Beginning in 1967, while Michael Power's 10th anniversary coincided with the country's 100th birthday, the schools entered an agreement with the Metropolitan Separate School Board (now the Toronto Catholic District School Board), whereby Grade 9 and 10 students would be under the publicly funded separate school system, while grades 11-13 continued to be taught by the Basilian Fathers and the Sisters of St. Joseph.

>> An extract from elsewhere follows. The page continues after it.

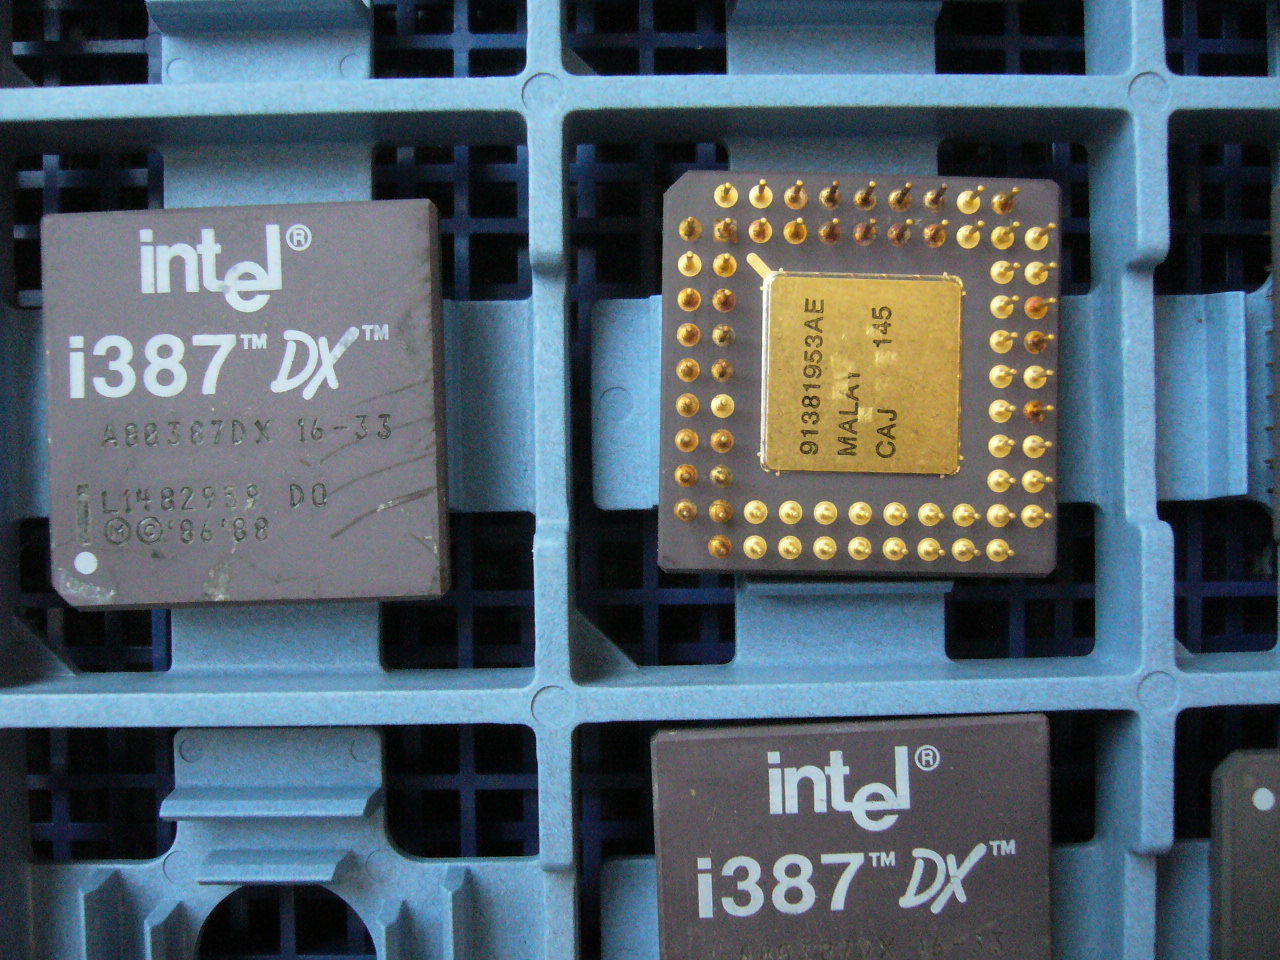 QTY 1x Vintage INTEL i387 DX 33Mhz NPU # A80387DX 16-33 CoProcessor
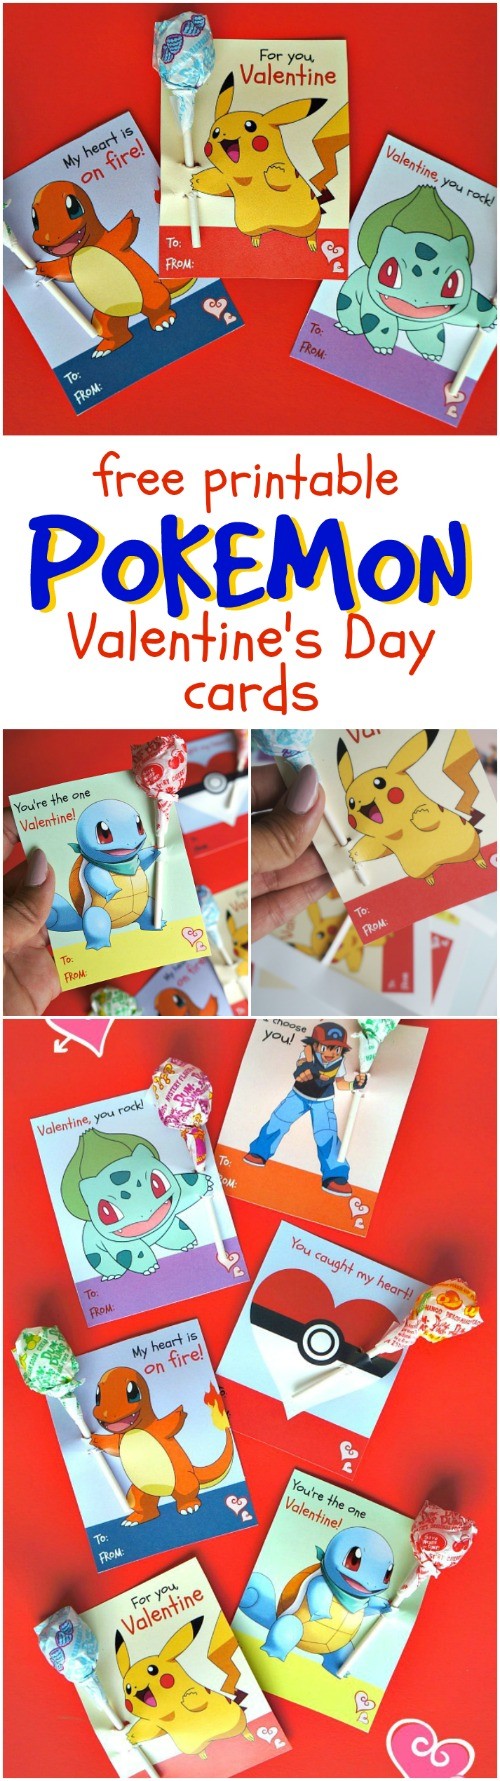 Pokemon Free Printable Valentines

Into the 1970s, the new classrooms and a gym arrived with the centre portable, south portable and gym C in 1971. Michael Power became a co-educational school (with the girls being admitted into the institution) in 1973, it saw the introduction of the semester system being from nine 1/2 hour classes to four 70 minute classes despite the girls continued to attend St. Joseph's Islington. In terms of athletics, Power dominate nearly every team and individual sport in the TDCAA (and also Ontario) as far as track and field was concerned. The Junior Trojans football team won all ten league and exhibition games on their way to the championship as well as never being scored against in 1975. With a shining success of the union of Michael Power and St. Joseph's High School was the day Father Malone, the principal showed up wearing a blazer made of St. Joseph's Islington kilt plaid in a foreshadowing move. The graduating class of 1978 from Michael Power and St. Joseph's held the graduation ceremony at St. Michael's Cathedral. It was moved to the Etobicoke Olympium (now the ceremonies are held since then at Mississauga Convention Centre).

By then, rumours began to circulate that the Michael Power/St. Joseph's properties were to be sold to a developer and the schools consolidated to Royal York Collegiate Institute (later Etobicoke School of the Arts).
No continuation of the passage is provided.